2. The team’s velocity drops and what you’re shipping feels like a Frankenstein.

As the company’s headcount grows without a PM, you will start noticing everyone (yes, EVERYONE) feels like they should have a say about the product experience — from the font to the color of the button to the backend logic. It’s not a bad thing to have a culture where there’s collective sense of ownership, and it’s very important to make sure the voice of the relevant stakeholders is heard. You need a PM who can “herd the cats” effectively and apply judgement on incorporating the opinions and feedback without sacrificing the integrity of the user experience.

3. What’s shipped lacks polish and completeness.

Missing edge cases. Sloppy user-facing copy. Forgotten trigger email that’s critical to the user journey. These are just a few small, but important examples of how the quality of your product could suffer when there’s no one fully responsible for the end-to-end product experience.

4. You aren’t continually iterating.

Related to the above, when you don’t have a directly responsible individual (“DRI”) who’s tasked with driving the product forward, the organization can quickly fall into the trap of shipping one-off features. Shipping V1s is important, but it’s a huge missed opportunity if you can’t use what you learn from user feedback and product performance metrics to ship V2, V3 and beyond.

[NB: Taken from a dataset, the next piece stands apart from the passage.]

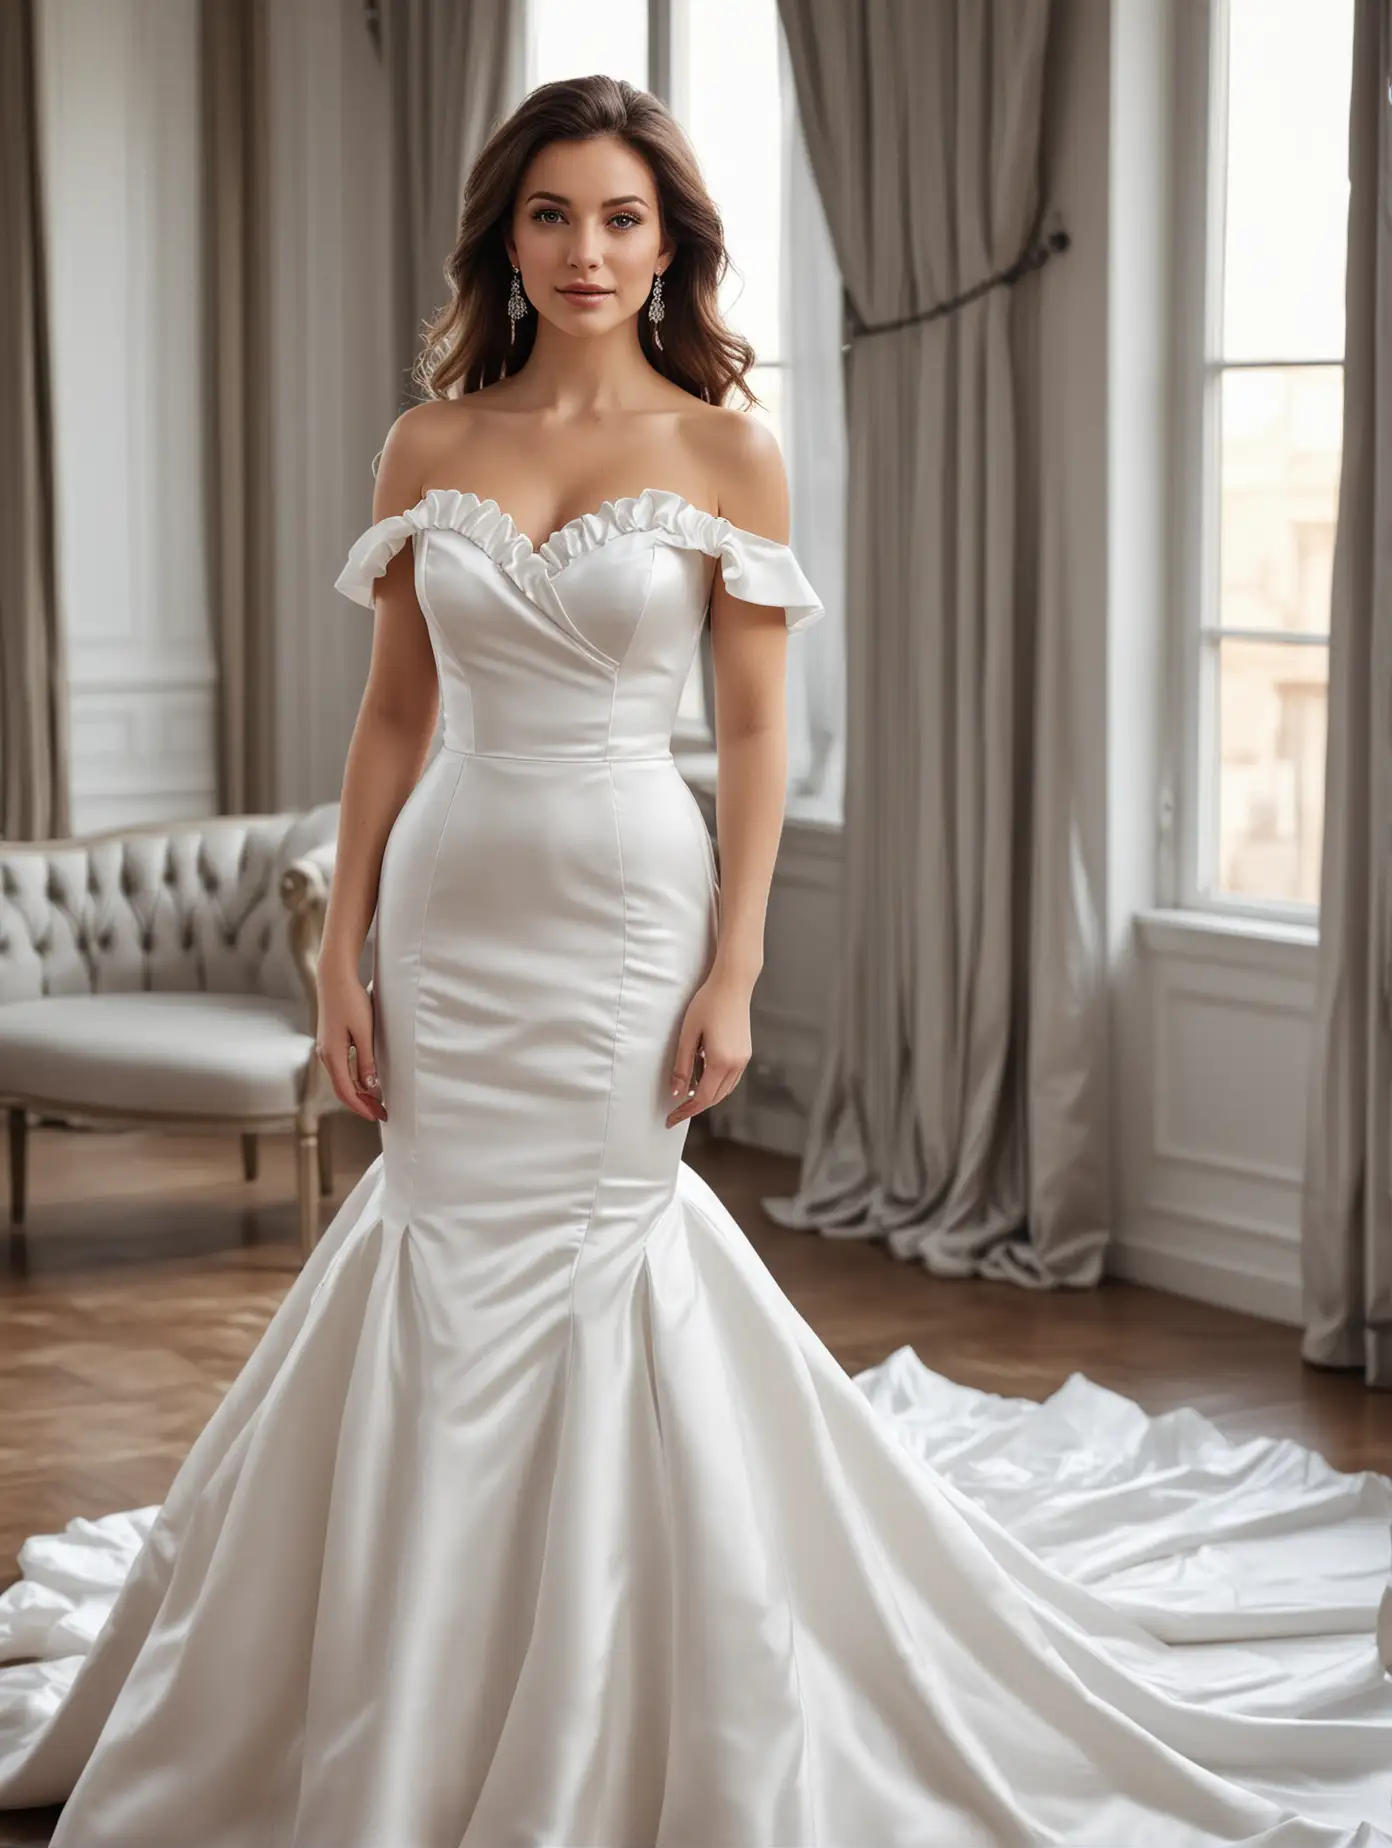 Charming Caucasian Woman in Elegant OffShoulder Satin Wedding Dress
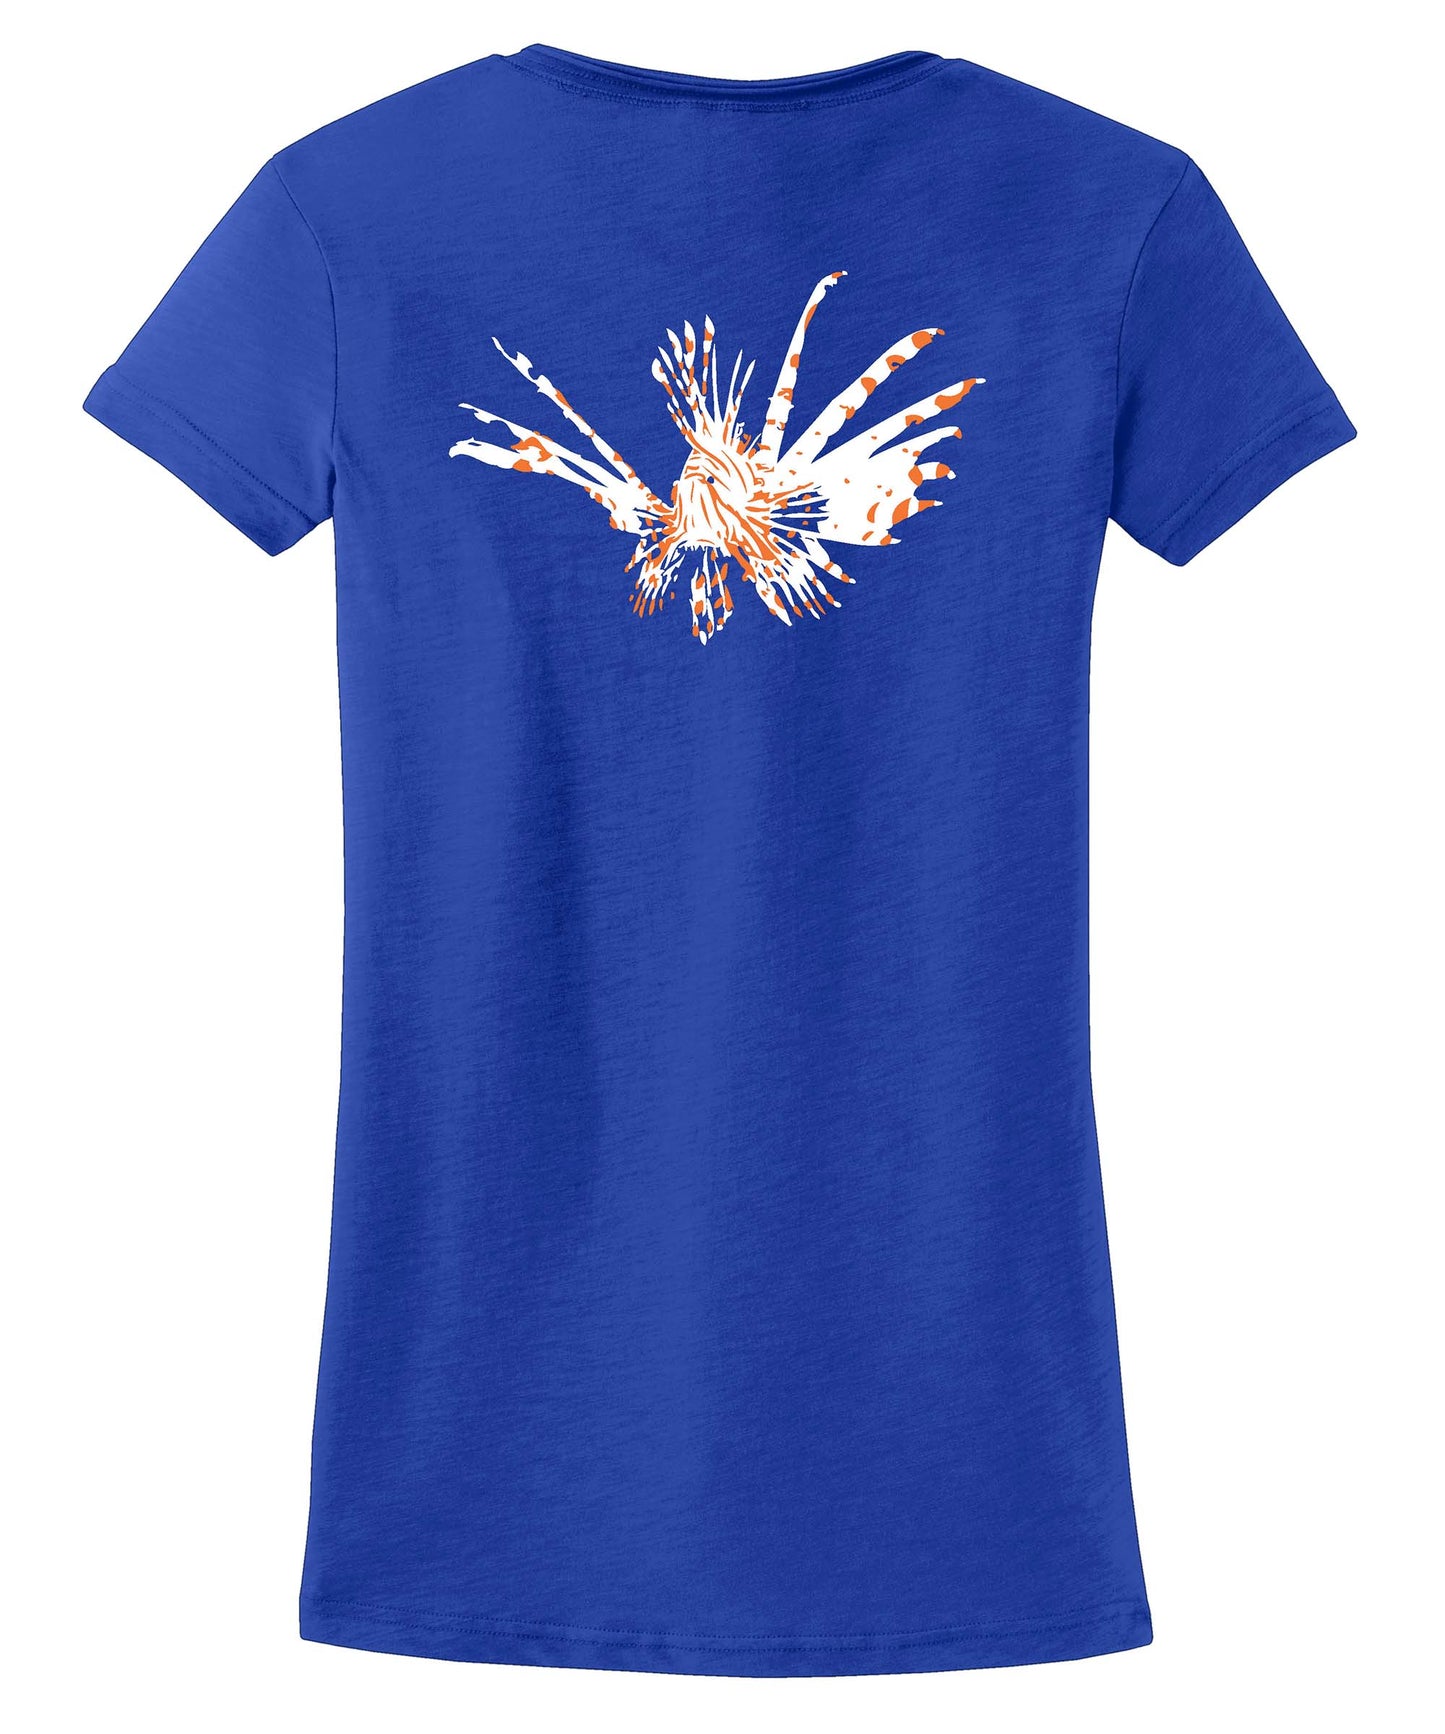 Ladies Lionfish Cotton V-neck t-shirt in Royal Blue

The Qualities of a Great First Product Hire

Due to the cross-functional nature of their job, PMs can often come from different backgrounds and have different experiences. That said, there are certain qualities that’ll help your first PM succeed in the nascent stage of company- and product-building:

1. Seniority and experience level.

How senior you go for your first product hire depends on whether the company will be in a place to accelerate its product development well beyond the bandwidth of one single PM in the next 3–6 months.

If you need build out a product team soon, you should aim for someone who has seen the movie before. She should be able to roll up her sleeves to execute before a team is in place and step into the leadership role to build out a team quickly.

Otherwise, your best bet is to find a solid senior PM who has managed large scopes and shipped a diverse variety of product experiences. She should be able to hit the ground running without senior product guidance. Bonus if you can find someone who demonstrates the capacity to scale with the company, as this person might become your best Head of Product candidate 18 months from now.

2. Do-it-all without hand-holding.

Regardless of the seniority level, your first product hire will be walking into the wild-wild-west the moment she steps into the office — there likely isn’t a roadmap, sprint planning, standard QA/UAT process, decision-making mechanism across stakeholders, etc.

To succeed, this person needs to have the attitude and aptitude of doing it all without needing instructions.

She’ll need them both while helping the company figure out how the product team should work and constantly unblocking herself to ship products at a high velocity with few resources.

3. Flexibility.

I sometimes describe the job of a PM as “filling in the white space” — the job description changes based on what your teammates (engineers, designers, analysts) are good at and like to do. This is especially true at early-stage startups when the team is less complete.

When I first started as a PM at Blue Apron, there was no product design team, no dedicated analytics resources, and no engineering managers — so I quickly learned to double as a UX designer in the way I spec’d out the product, write my own SQL queries to get answers, and review technical architectural decisions with our engineers. As we started to build out more specialized functional teams, the PMs were able to focus on filling up different part of the white space.

Given the pace of change at early-stage companies, the ability and willingness to wax and wane as the white space changes is key for any PM to succeed — but it’s especially important for your first PM. Not only will this adaptability help them succeed in the months after they join, but it’ll also set the standard for future PMs that come on board.